Pseudosubarachnoid hemorrhage: A systematic review of causes, diagnostic modalities, and outcomes in patients who present with pseudosubarachnoid hemorrhage.

作者信息

Platt Andrew, Collins John, Ramos Edwin, Goldenberg Fernando D

机构信息

Department Neurosurgery, University of Chicago, Chicago, Illinois, United States.
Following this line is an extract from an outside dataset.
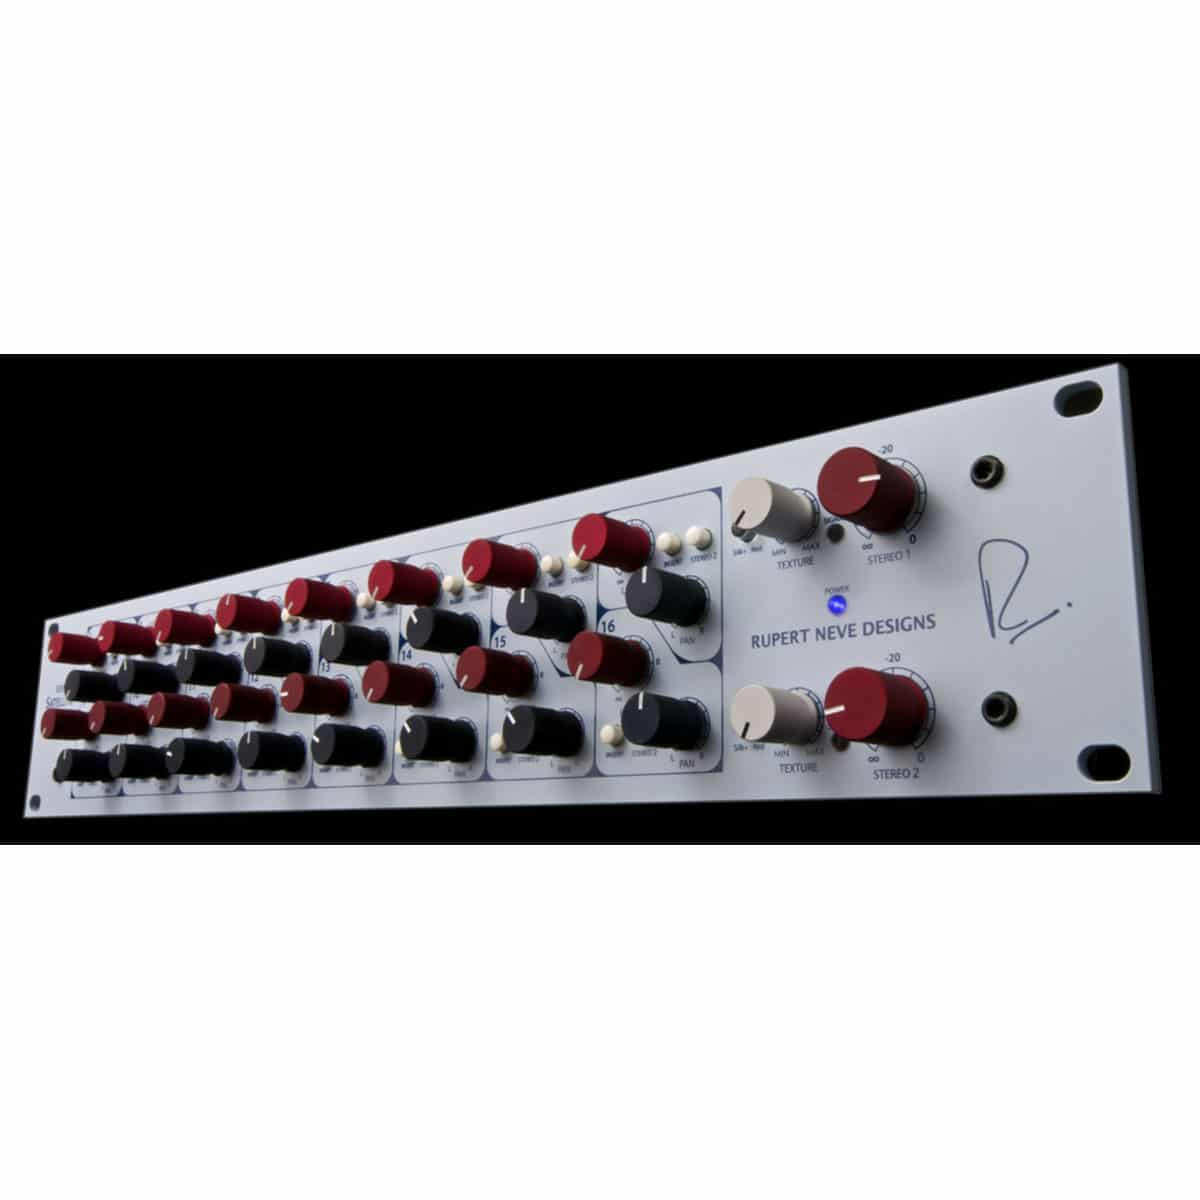 Rupert Neve 5059 16 x 2+2 Satellite Summing Mixer Pro Audio, Outboard, Sommatori e Mixer Rupert Neve 5059 Satellite 03

Department Radiology, University of Chicago, Chicago, Illinois, United States.

出版信息

Surg Neurol Int. 2021 Jan 20;12:29. doi: 10.25259/SNI_905_2020. eCollection 2021.

Abstract

BACKGROUND

Patients with computed tomography (CT) findings consistent with subarachnoid hemorrhage without evidence of hemorrhage following autopsy or cerebrospinal fluid testing are termed to have pseudosubarachnoid hemorrhage (pSAH).

METHODS

A systematic review of literature was conducted based on the preferred reporting items for systematic reviews and meta-analysis statement. Studies were evaluated for associated cause of pSAH, imaging modality used in assessment, method of confirmatory testing, and clinical outcome.

RESULTS

Fifty studies were included in qualitative analysis including 197 cases of pSAH. Systematic review revealed 23 studies including 110 patients with pSAH attributed to hypoxic-ischemic brain injury following cardiac arrest. Three studies were included in meta-analysis that quantitatively analyzed differences in CT densities in patients with pSAH and true subarachnoid hemorrhage (true SAH). A random effects model meta-analysis showed a statistically significant decrease in densities in the Sylvian fissure in patients with pSAH compared to true SAH and a statistically significant decrease in densities in adjacent parenchyma in patients with pSAH compared to true SAH. Systematic review further revealed 32 patients with pSAH associated with spontaneous intracranial hypotension, 11 patients with pSAH related to infectious etiologies, 15 patients with pSAH associated with subdural hemorrhage, 20 cases of pSAH related to hyperhemoglobinemia, 2 cases related to valproate toxicity, and individual cases related to hyponatremia, diabetic ketoacidosis, sudden infant death syndrome, cerebellar infarction, and dialysis disequilibrium syndrome.

CONCLUSION

This study is the first systematic review of causes, diagnostic modalities, and outcomes in patients who present with pSAH. A diagnosis of pSAH may be considered following assessment of CT densities following cardiac arrest.

摘要

背景

计算机断层扫描(CT)检查结果符合蛛网膜下腔出血,但尸检或脑脊液检测未发现出血证据的患者被称为假性蛛网膜下腔出血(pSAH)。

方法

根据系统评价和Meta分析的首选报告项目声明对文献进行系统评价。对研究的pSAH相关病因、评估中使用的成像方式、确证检测方法和临床结局进行评估。

结果

50项研究纳入定性分析,包括197例pSAH病例。系统评价显示,23项研究纳入110例因心脏骤停后缺氧缺血性脑损伤导致pSAH的患者。3项研究纳入Meta分析,定量分析了pSAH患者与真性蛛网膜下腔出血(真性SAH)患者CT密度的差异。随机效应模型Meta分析显示,与真性SAH相比,pSAH患者大脑外侧裂密度有统计学意义的降低,与真性SAH相比,pSAH患者相邻脑实质密度有统计学意义的降低。系统评价进一步显示,32例pSAH与自发性颅内低压相关,11例pSAH与感染性病因相关,15例pSAH与硬膜下出血相关,20例pSAH与高铁血红蛋白血症相关,2例与丙戊酸盐毒性相关,个别病例与低钠血症、糖尿病酮症酸中毒、婴儿猝死综合征、小脑梗死和透析失衡综合征相关。

结论

本研究是对pSAH患者的病因、诊断方式和结局的首次系统评价。心脏骤停后评估CT密度后可考虑诊断为pSAH。